Friday, October 2, 2009

It's Like a Blow Torch to the Nads...No, Really






Right now my husband is resting, like a 19th century lady who has swooned upon hearing tragic news. He has a headache. He is justifiably behaving like a weenie, because today is the day he voluntarily allows a little old Pakistani man to take a laser to his nether regions.

We've talked about vasectomy for two years now. We've known for some time that one child is all we ever need and want. When you hit the lottery, you don't play again, right? Of course, some people don't understand why we're bothering. You're infertile, aren't you? Why submit my husband to this sort of medieval torture, when chances are his sperm are mostly useless?

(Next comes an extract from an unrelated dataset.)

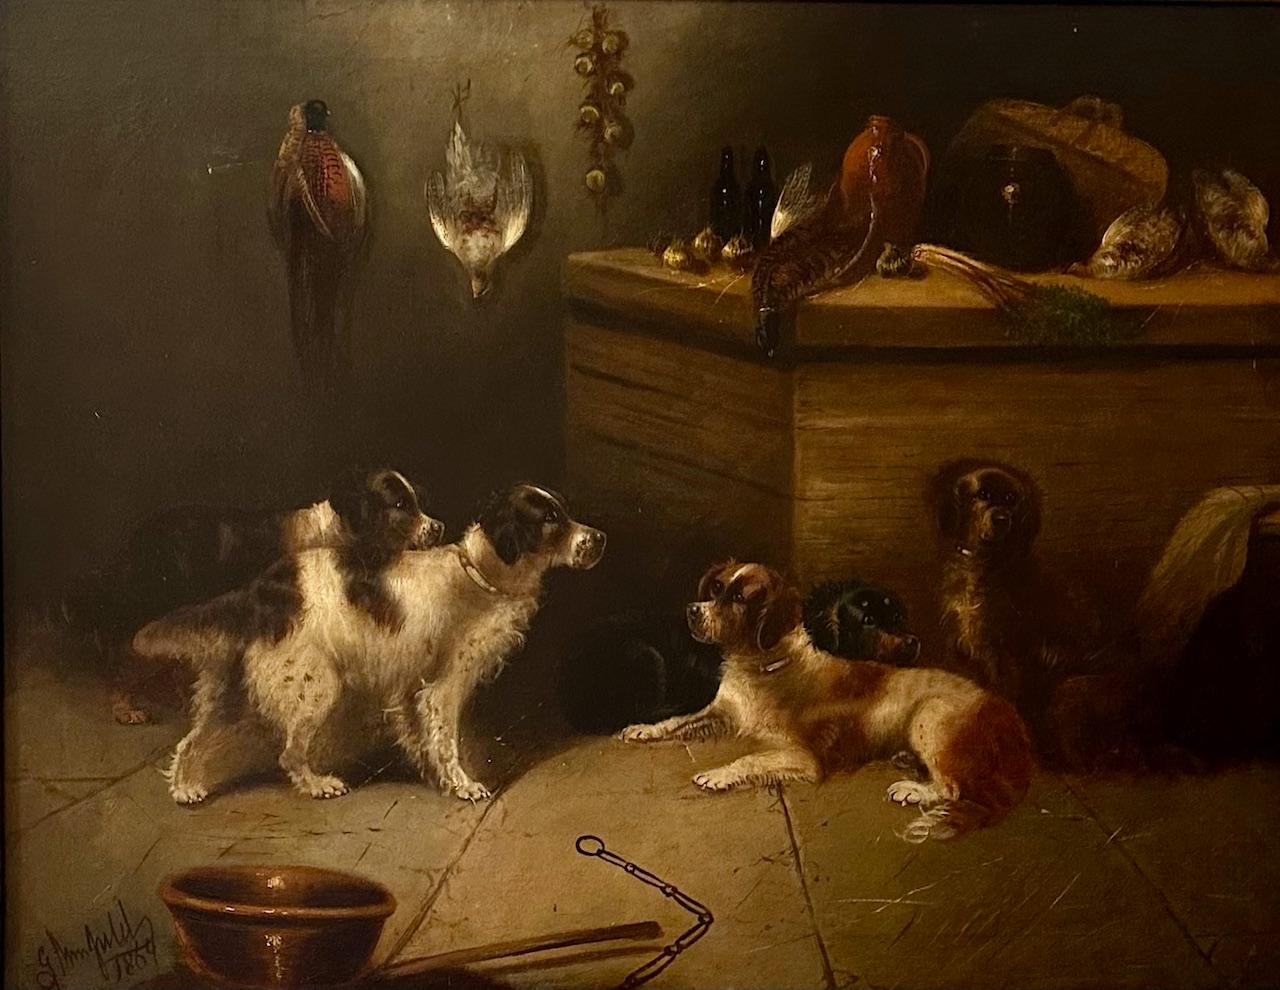 Großes englisches Ölgemälde des 19. Jahrhunderts - Fünf Jagdhunde - signiert E. Armfield.

Großes, signiertes Gemälde in Öl auf Leinwand. Dieses Armfield zeigt fünf Jagdhunde in einem rustikalen Interieur. Das Gemälde ist in höchster künstlerischer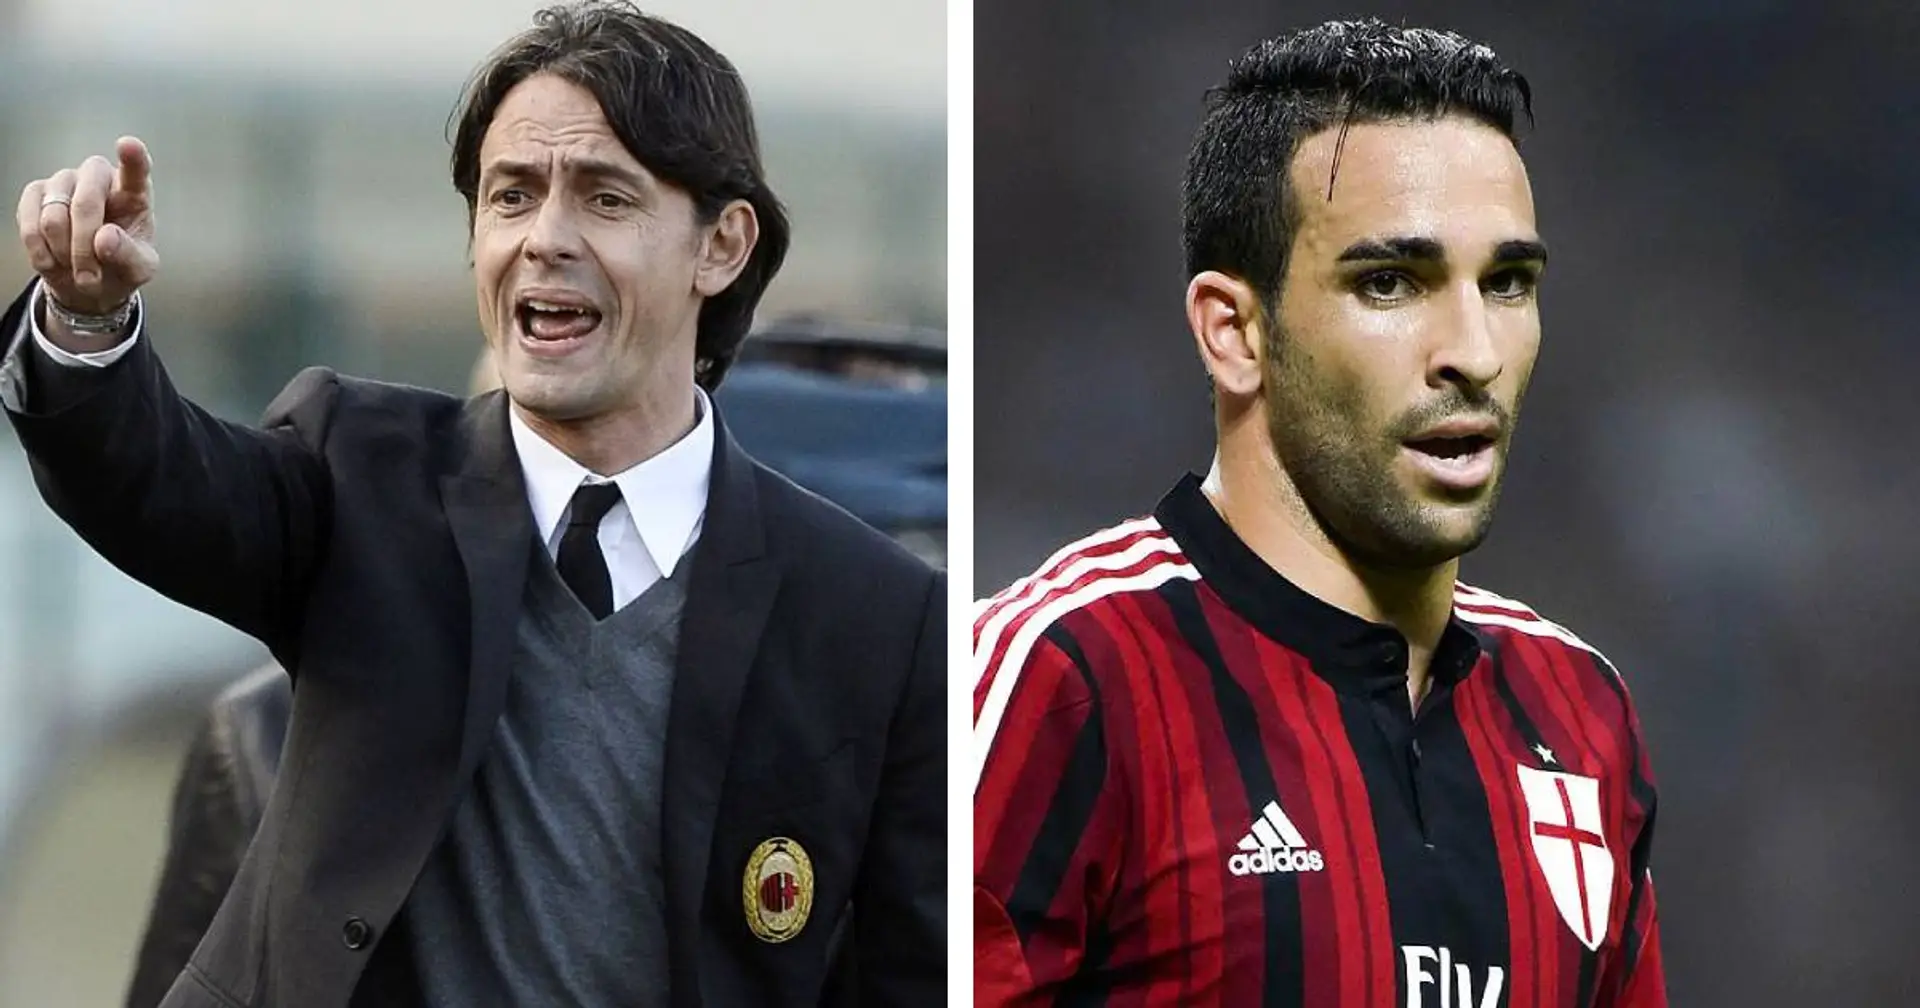 L'ex Milan Rami al veleno: "Inzaghi faceva giocare i suoi amici! Una sfortuna trovarlo"

Violet is something of a miracle. Sure, Clomid made the egg a bigger target, but that sperm still had to find it's way there and it did. Aaron's stock is not dead. It is profoundly lazy and kind of stupid, but we all know that lazy and stupid get lucky sometimes. As a family, we are semi-charmed. Blessings always come wrapped in stinky packaging. If an accidental pregnancy had happened, we would have loved that poop machine to pieces, but it didn't and it's time for us to move on. We've spent a lot of time coming to terms with our family size. It's a big decision, especially when you are as young as we are. I could spend the next ten years trying to have babies, but I'd rather not. It was too hard and we are happy as a threesome.

So, this afternoon my husband will bravely submit his crotch to the hot knife and we will never again need to wonder if nature has cooked up an inconvenient miracle for us. Aaron is terrified right now, but in a few days he will feel liberated and so will I.